Can I just clarify the terminology here:

Foreground size = subset size
Foreground count = subset freq
Background size = superset size
Background count = superset freq

Did I get that right?

I think I've got something sorted out, but it's barfing due to divide by zero. Is there a way to just ignore or assign these values a null?

Yep.

If you're using a custom background_filter then your subset may no longer be a subset of the superset. This could produce superset_freq values of zero if your custom filter matches entirely different sets of docs to the subset. Some of the scoring heuristics have settings to include safeguards where your background filter make results that break the subset/superset assumptions.

Here's what I'm using to get the Proportional Reporting Ratio (PRR) (http://openvigil.sourceforge.net/doc/DPA.pdf):

POST drug_event/_search?size=0
{
  "aggregations": {
        "drug": {
           "terms": {
		      "field":"report_ingredient_suspect.keyword"
            },
          "aggs":{
        	"significant_reactions":{
	          "significant_terms": {
		          "field": "reaction_pt.keyword",
		            "script_heuristic": {
		            "script": "(params._subset_freq/params._subset_size)/((params._superset_size - params._subset_size)/(params._superset_freq - params._subset_freq))"
		          }
	  }
	}
  }
}
  }
}

And it's giving me a divide by zero error. Any thoughts?

If a single drug's reports contain all of the incidents of a particular reaction then superset_freq == subset_freq and subtracting them gives zero?

That does seem to have something to do with it. When I add +1 to the denominator, it doesn't error any more, but I don't get any significant terms.

I ran it again with the script just for each individual parameter and that works, but as soon as I try to do something with them, I get empty buckets. Is there a minimum score threshold I can adjust?

I’m not sure I understand your current problem. If your script returns >0 and doesn’t divide by zero then you should see some results.
Have you determined the out of the box heuristics don’t work for you? They all work with the same 4 numbers and generally just have a different emphasis on scoring for popular vs rare terms. Some of the differences are very subtle.

I think I got it working. These particular scoring algorithms have been published and validated in the scientific literature specifically for pharmacovigilance. I do want to look at how the other built-in metrics compare, but in order to get my scientist colleagues to look at it, I need to be able to demonstrate that Elasticsearch is accurately replicating metrics they already understand.

We're still seeing some strangeness in the _superset_size parameter. It seems to change based on the significant terms aggregation size parameter.

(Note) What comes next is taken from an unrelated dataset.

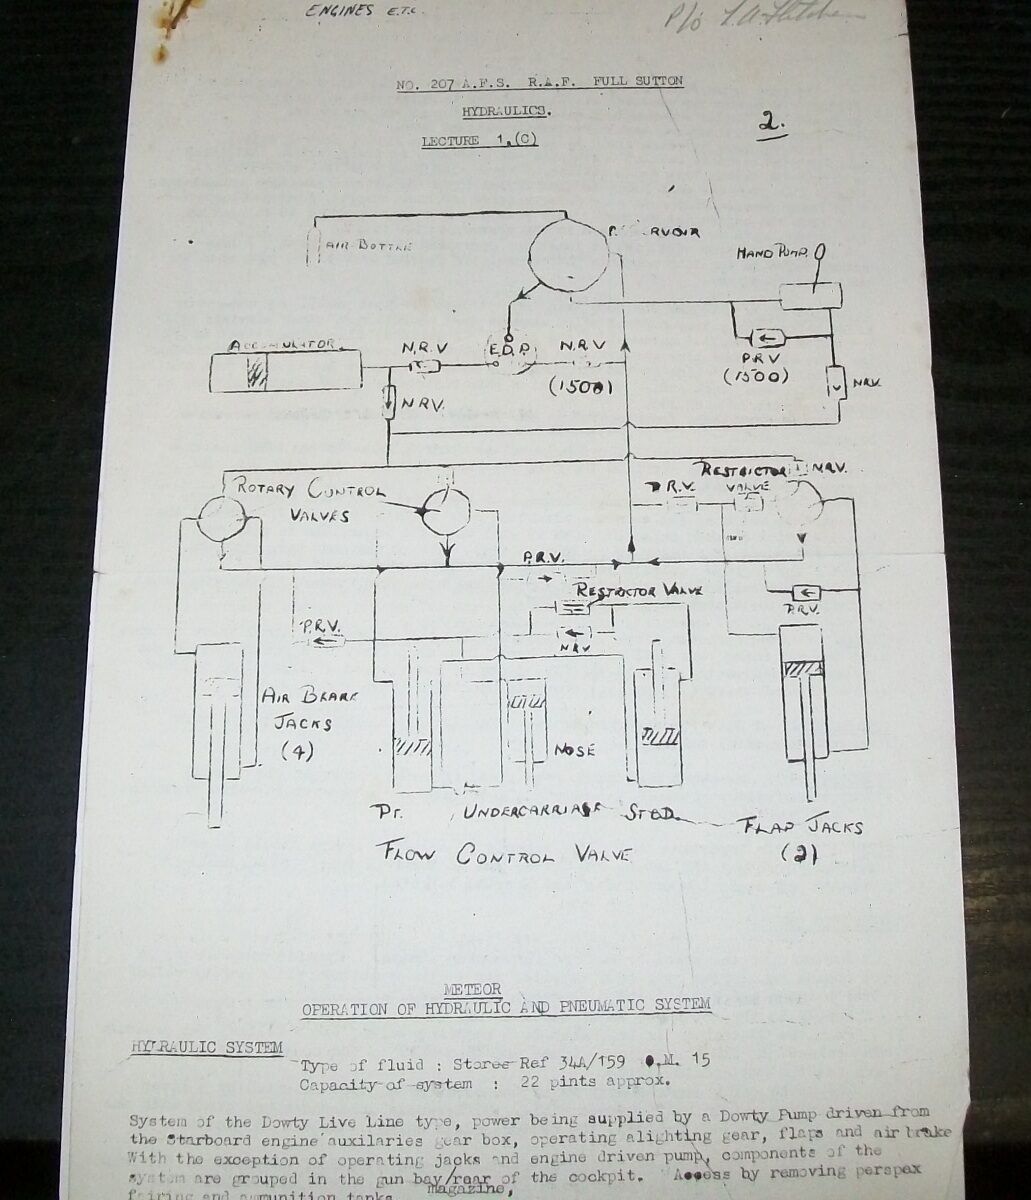 METEOR HYDRAULIC & PNEUMATICS LECTURE NOTES 1C  RAF AFS No. 207. FULL SUTTON

This is likely caused by having multiple shards - distribution is often the enemy of accuracy. When your data is not all in one place for analysis then different shards can have different ideas about what the top N terms are. When their results are glued together it’s not necessarily the same answer as the result for the same query on a single shard. The shard_size setting can help but for accurate significant terms analysis having a single index/shard is best.

It seems like there's significant variability in the value of _superset_size, even without touching anything, just running the same query repeatedly.

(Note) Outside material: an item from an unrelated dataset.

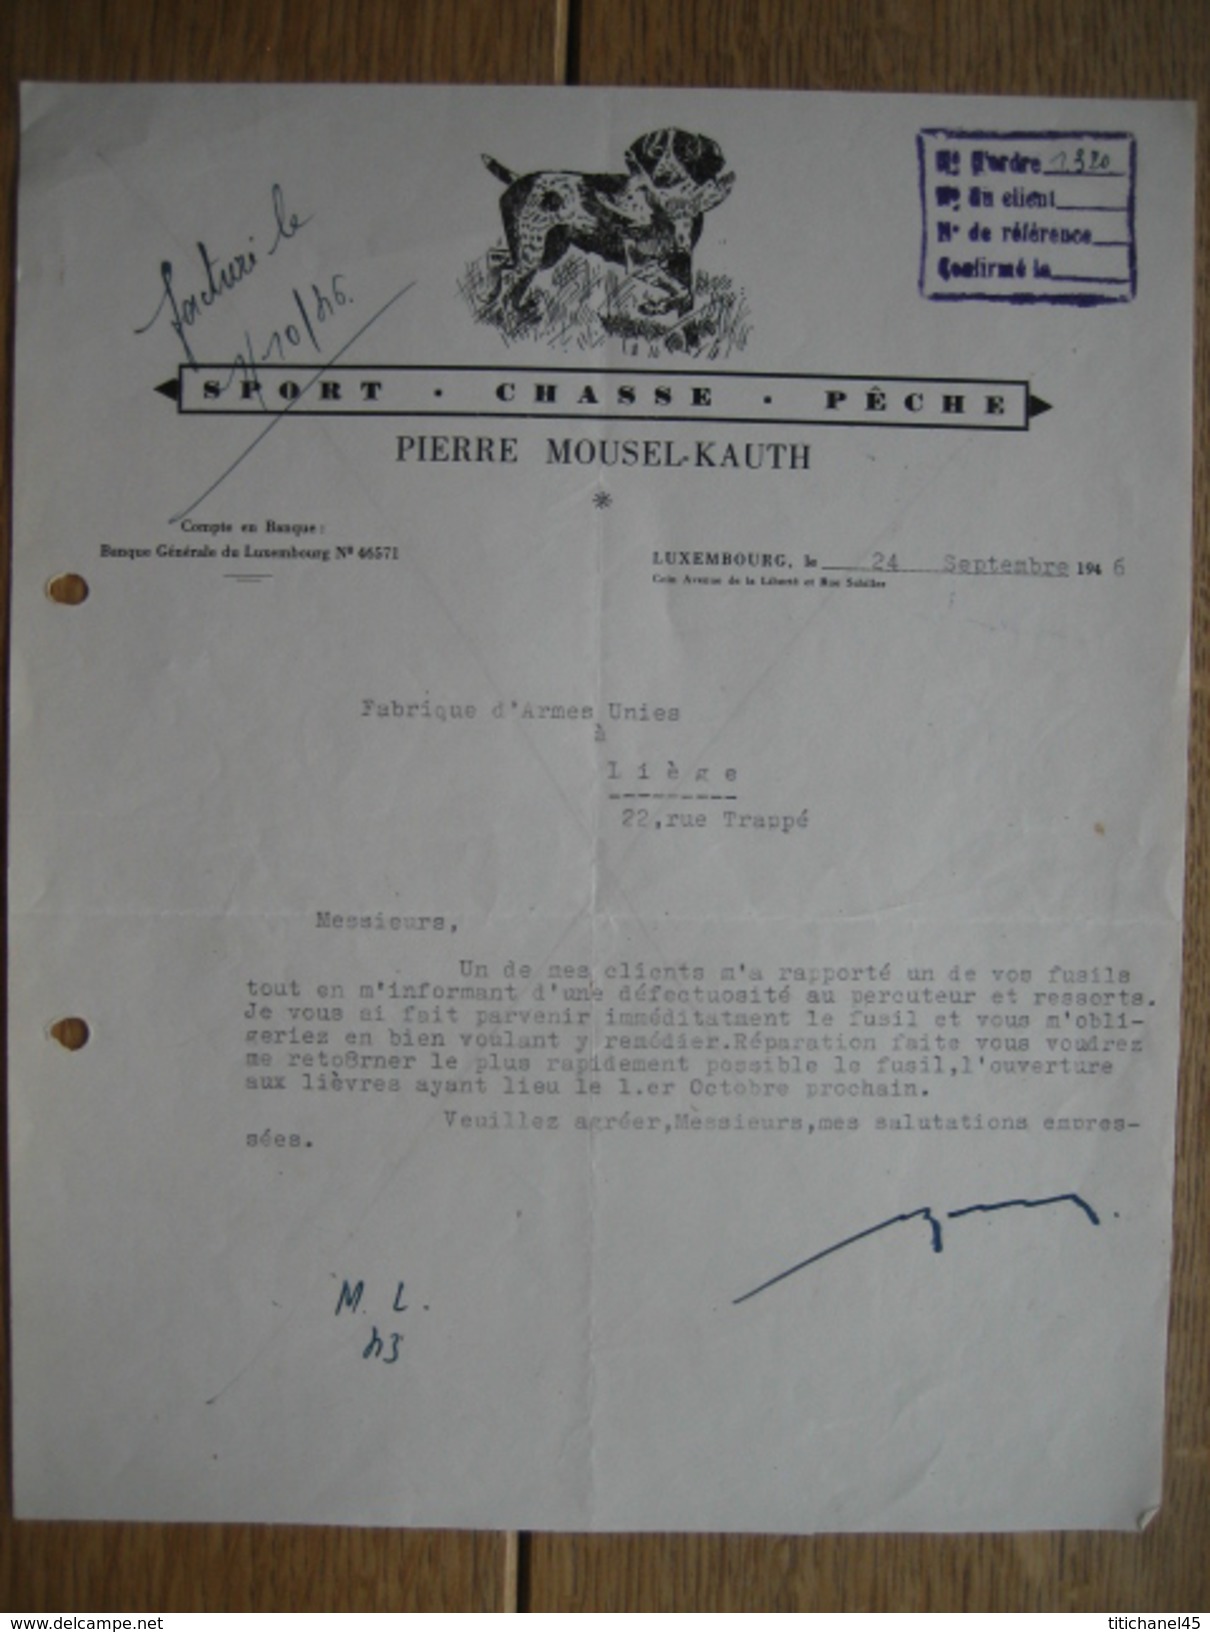 LUXEMBOURG 1946 - PIERRE MOUSEL-KAUTH - Sport - Chasse - Pêche - Luxembourg

What is concerning is that every time it reports that it's heard back from all shards, and the reported upper bound for error is about 5K, but the actual variation I'm seeing within a few seconds is more than 2M (index is read-only, nothign is getting written).

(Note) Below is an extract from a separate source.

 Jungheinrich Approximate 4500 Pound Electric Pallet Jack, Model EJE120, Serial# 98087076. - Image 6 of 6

I"ll also add that superset_size is quite a bit bigger than the total document count in the index. I'm guessing that this is a result of the fields having arrays with more than one value, so it doesn't worry me as much as the number changing.

Is this normal behaviour?

Do you have updates to docs or deletes? Do you have replicas?

There are documented issues with how stats are calculated with regards to deletes which may vary between replicas due to differing merges.